Absence of eigenvalues in the continuous spectrum for Klein-Gordon operators

TL;DR

This paper constructs a one-dimensional von-Neumann Wigner potential for Klein-Gordon operators, providing explicit examples of embedded eigenvalues and proving their absence in broad potential classes, including Coulomb potential.

Contribution

It introduces a novel potential construction for Klein-Gordon operators and establishes conditions for the absence of eigenvalues in the continuous spectrum.

Findings

Explicit example of Klein-Gordon operator with embedded positive eigenvalues.

Proof of absence of eigenvalues in the continuous spectrum for broad potential classes.

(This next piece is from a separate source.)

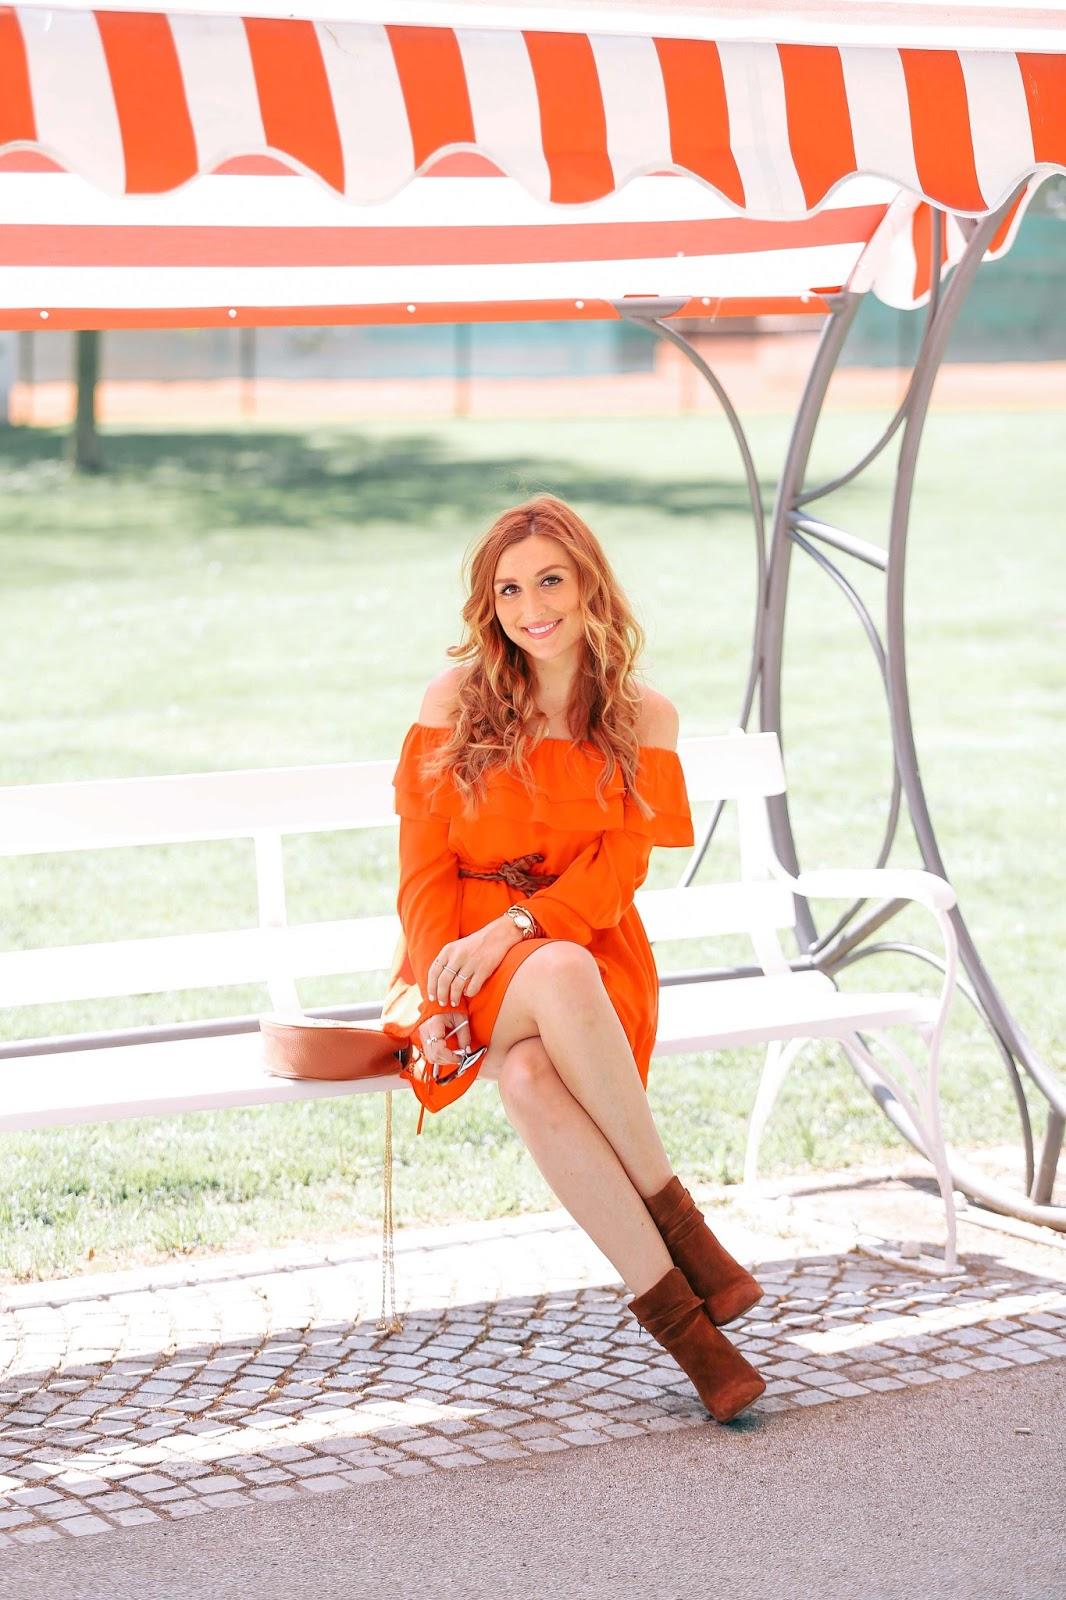 fashionstylebyjohanna-sommer-look-blogger-style-fashionblogger-aus-deutschland-fashionstylebyjohanna

Expression of Klein-Gordon operator in Schrödinger form to analyze spectral regions.

Abstract

We construct the one-dimensional analogous of von-Neumann Wigner potential to the relativistic Klein-Gordon operator, in which is defined taking asymptotic mathematical rules in order to obtain existence conditions of eigenvalues embedded in the continuous spectrum. Using our constructed potential, we provide an explicit and analytical example of the Klein-Gordon operator with positive eigenvalues embedded in the so called relativistic "continuum region". Even so in this not standard example, we present the region of the "continuum" where those eigenvalues cannot occur. Besides, the absence of eigenvalues in the continuous spectrum for Klein-Gordon operators is proven to a broad general potential classes, including the minimally coupled electric Coulomb potential. Considering known techniques available in literature for Schrodinger operators, we demonstrate an expression for Klein-Gordon operator written in Schrodinger's form, whereby is determined the mathematical spectrum region of absence of eigenvalues.